Masih menurut informasi, dugaan tindakan korupsi itu dilakukan pada 2017 ketika S menjabat Kepala Bidang Kedaruratan dan Logistik pada BPBD Kabupaten Bogor, sementara SS bekerja sebagai staf atau anggota di Bidang Kedaruratan dan Logistik BPBD Kabupaten Bogor dengan status pegawai kontrak.

“Tersangka S berperan sebagai yang melakukan pelaksanaan kegiatan pencairan anggaran BTT (Belanja Tak Terduga) tahun anggaran 2017, sedangkan SS, membantu dalam rangka tugasnya sebagai staf ataupun anggota dari Kabid,” ujarnya.

Terakhir, akibat perbuatannya negara merugi mencapai Rp 1,7 miliar, dan dana yang dikorupsi, merupakan dana belanja tidak terduga (BTT) yang berasal dari anggaran pendapatan dan belanja daerah (APBD) Kabupaten Bogor tahun anggaran 2017.

“intinya kami sangat perihatin atas perkara yang terjadi di BPBD Kab Bogor, seharusnya peristiwa ini tidak pernah terjadi terlebih dana ini diperuntukan untuk tanggap darurat, dimana Kab Bogor perlu adanya dukungan anggaran untuk penanganan bencana di Kab Bogor,” pungkasnya. @eko

Baca Juga :  Tahun 2022, Pembangunan untuk Pemulihan Ekonomi Jabar Akan Mulai Dilakukan

M Purnama Alam

Tinggalkan Balasan

Alamat email Anda tidak akan dipublikasikan.
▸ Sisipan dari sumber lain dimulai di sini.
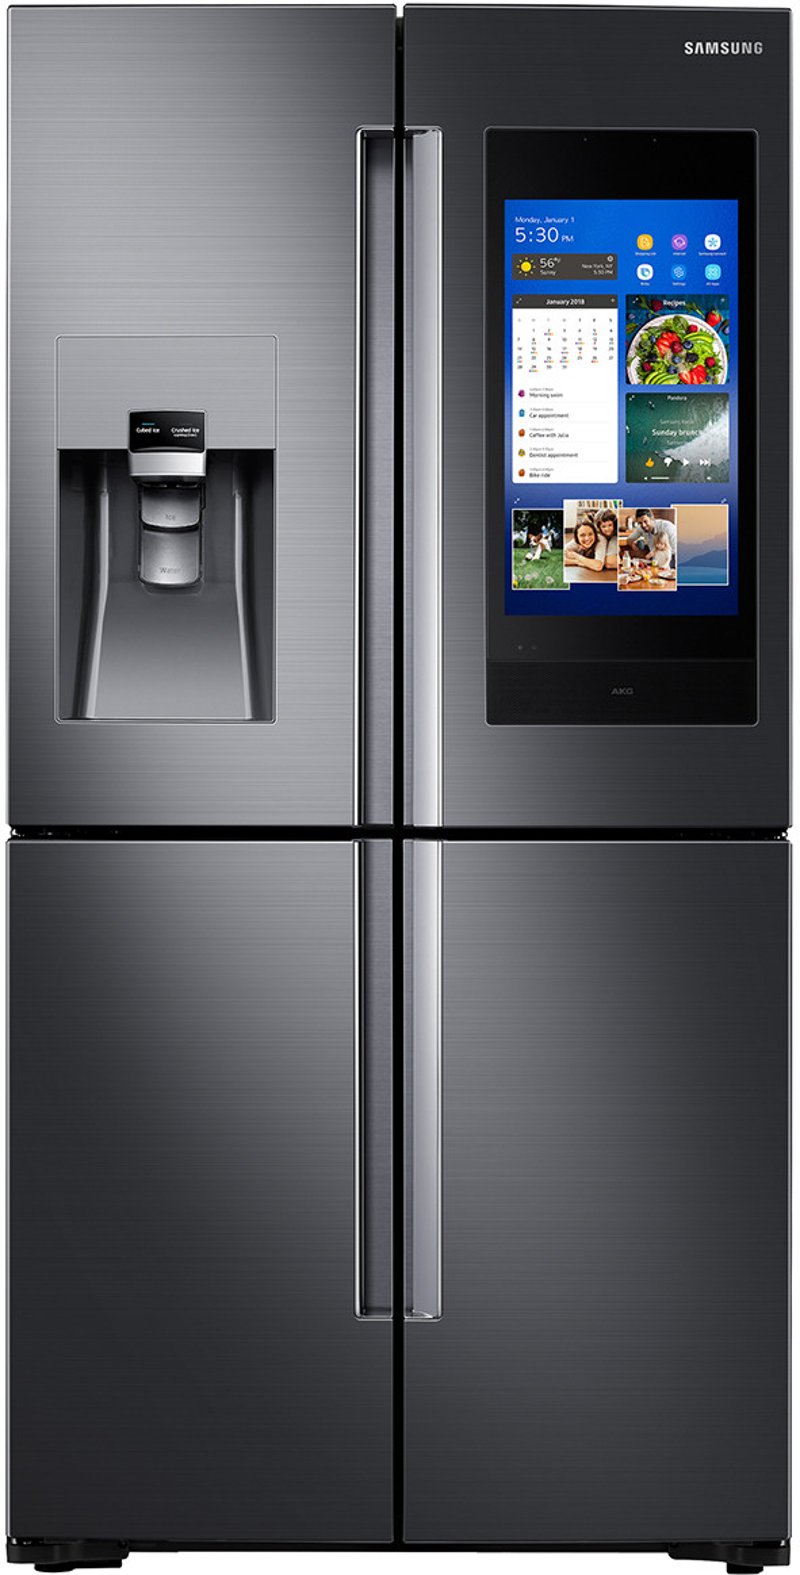 Samsung 4 Door French Door Smart Refrigerator with Family Hub and Samsung Smart Fridge Black Stainless Steel
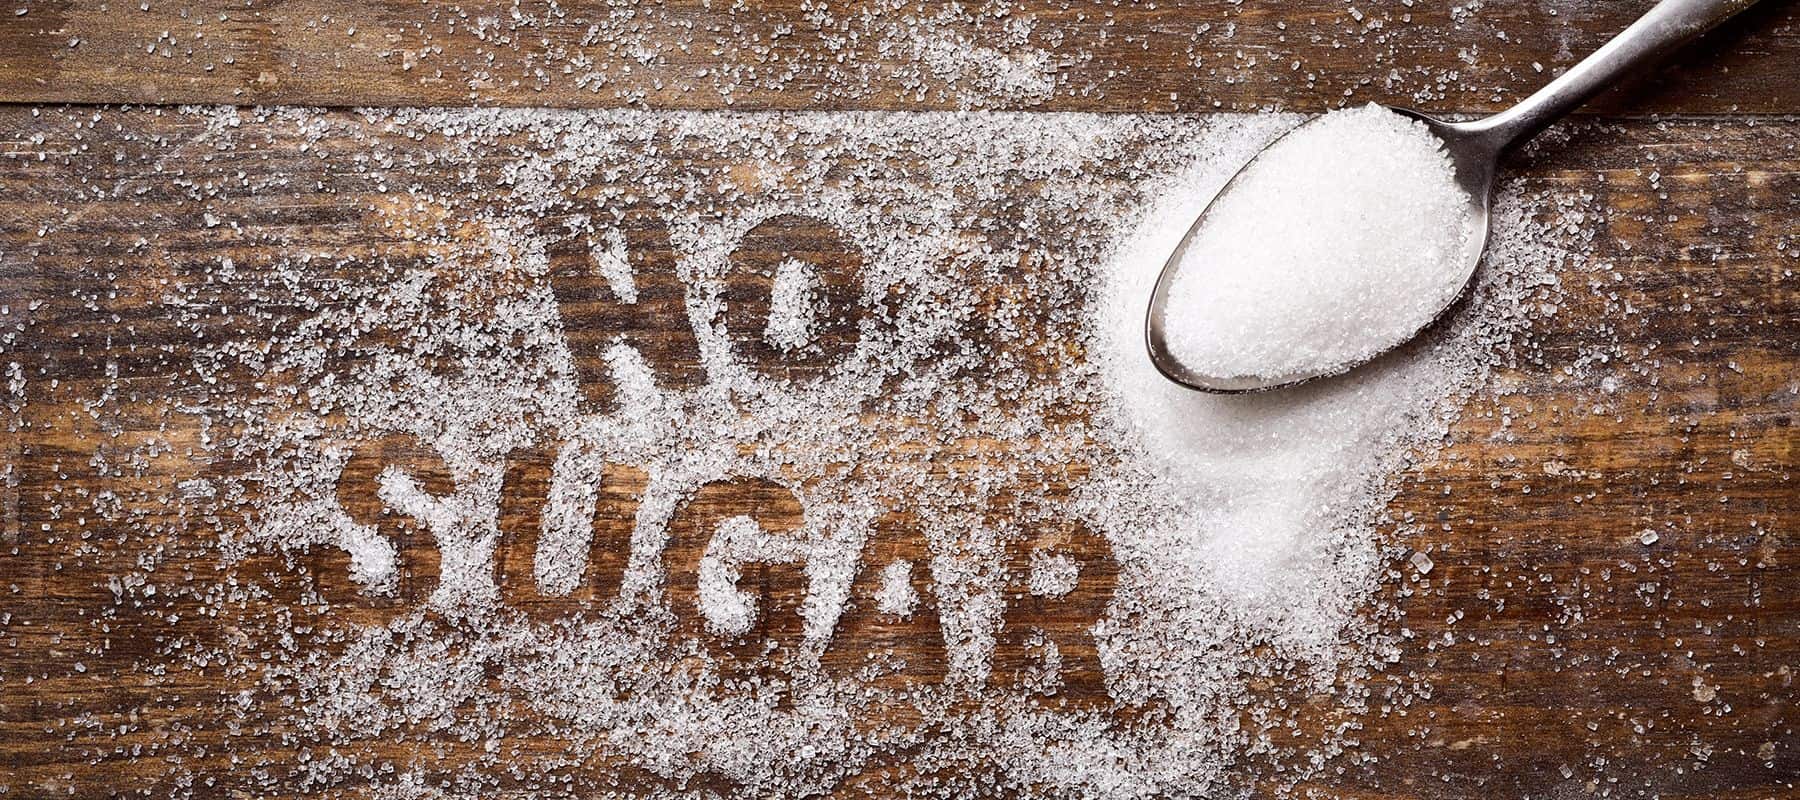 Zucker Alternativen

Ruas yang wajib ditandai *

Next Post

Legislator: Bansos Bukan Solusi Hadapi Kenaikan BBM

Sab Sep 10 , 2022
Silahkan bagikanVISI.NEWS | JAKARTA – Anggota Komisi VII DPR RI Diah Nurwitasari menilai bantuan sosial (bansos) yang diberikan pemerintah menyertai kebijakan kenaikan BBM bersubsidi bukan solusi untuk menekan kesulitan rakyat kecil. Apalagi, bantuan tersebut hanya untuk enam bulan ke depan. Sementara kenaikan BBM bisa berkelanjutan. Data penerima bansos masih jadi […]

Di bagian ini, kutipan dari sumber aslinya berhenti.